**Collected data**
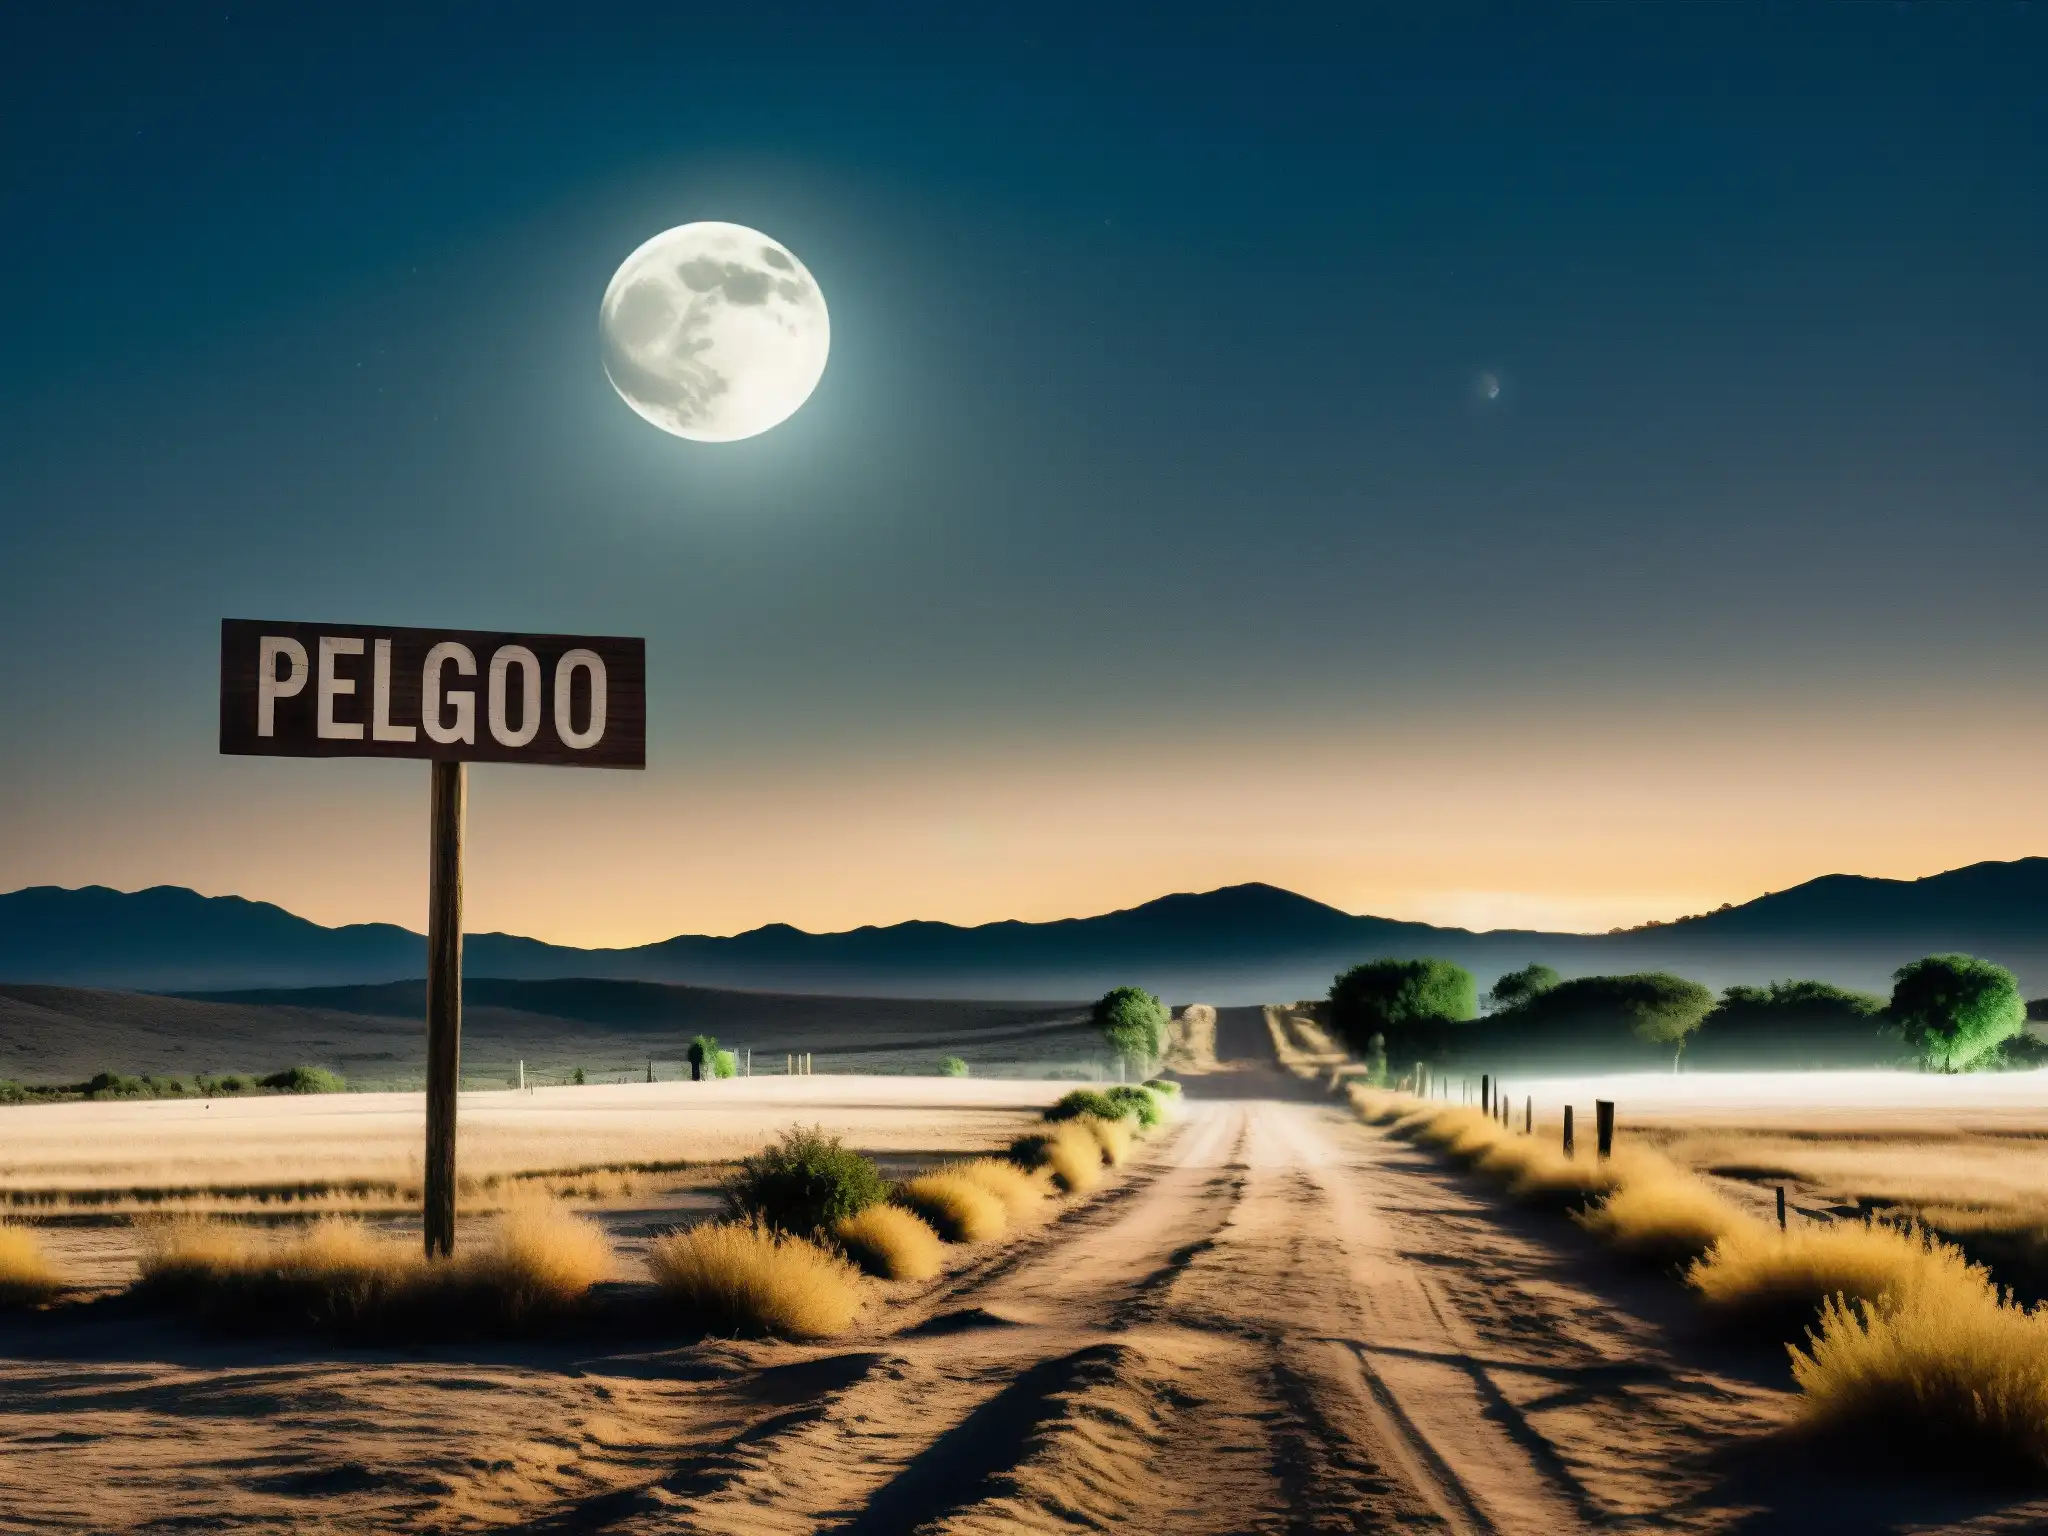 Imagen de un paisaje rural mexicano iluminado por la luna, con neblina y una figura misteriosa a lo lejos
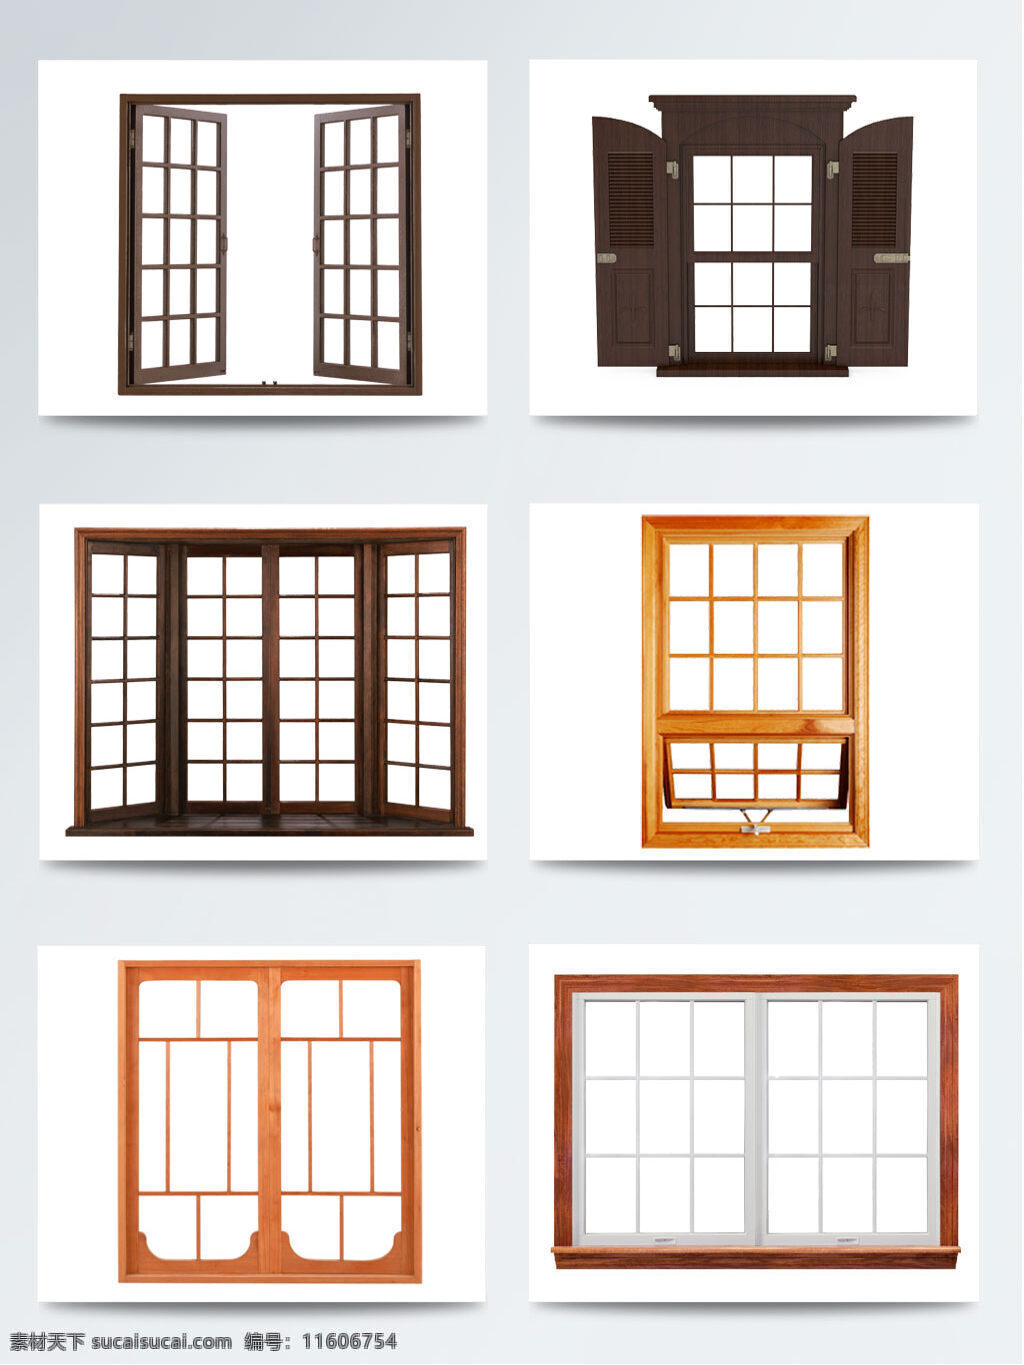 高清 免 扣 木质 窗户 窗户边框 窗户素材 古典窗户 精美欧式窗户 木质窗户 木质素材 小清新素材 中式 装饰窗户
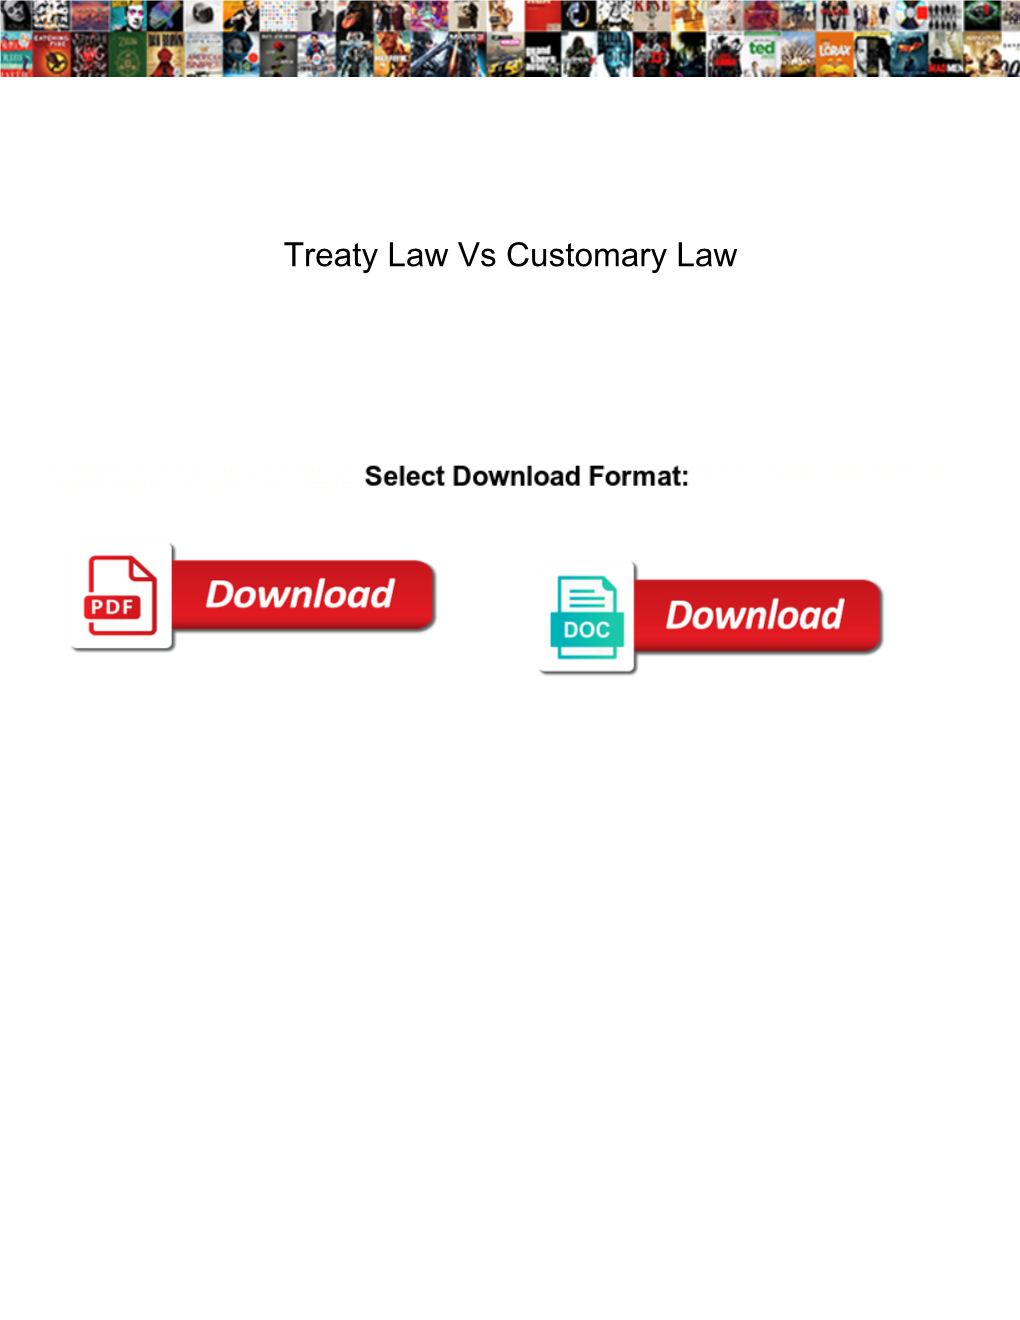 Treaty Law Vs Customary Law

**Work request**
Only the pictures in the listing above get left out; print everything else exactly.

**Written solution**
 Imagen de un paisaje rural mexicano iluminado por la luna, con neblina y una figura misteriosa a lo lejos
 高清 免 扣 木质 窗户 窗户边框 窗户素材 古典窗户 精美欧式窗户 木质窗户 木质素材 小清新素材 中式 装饰窗户
 Treaty Law Vs Customary Law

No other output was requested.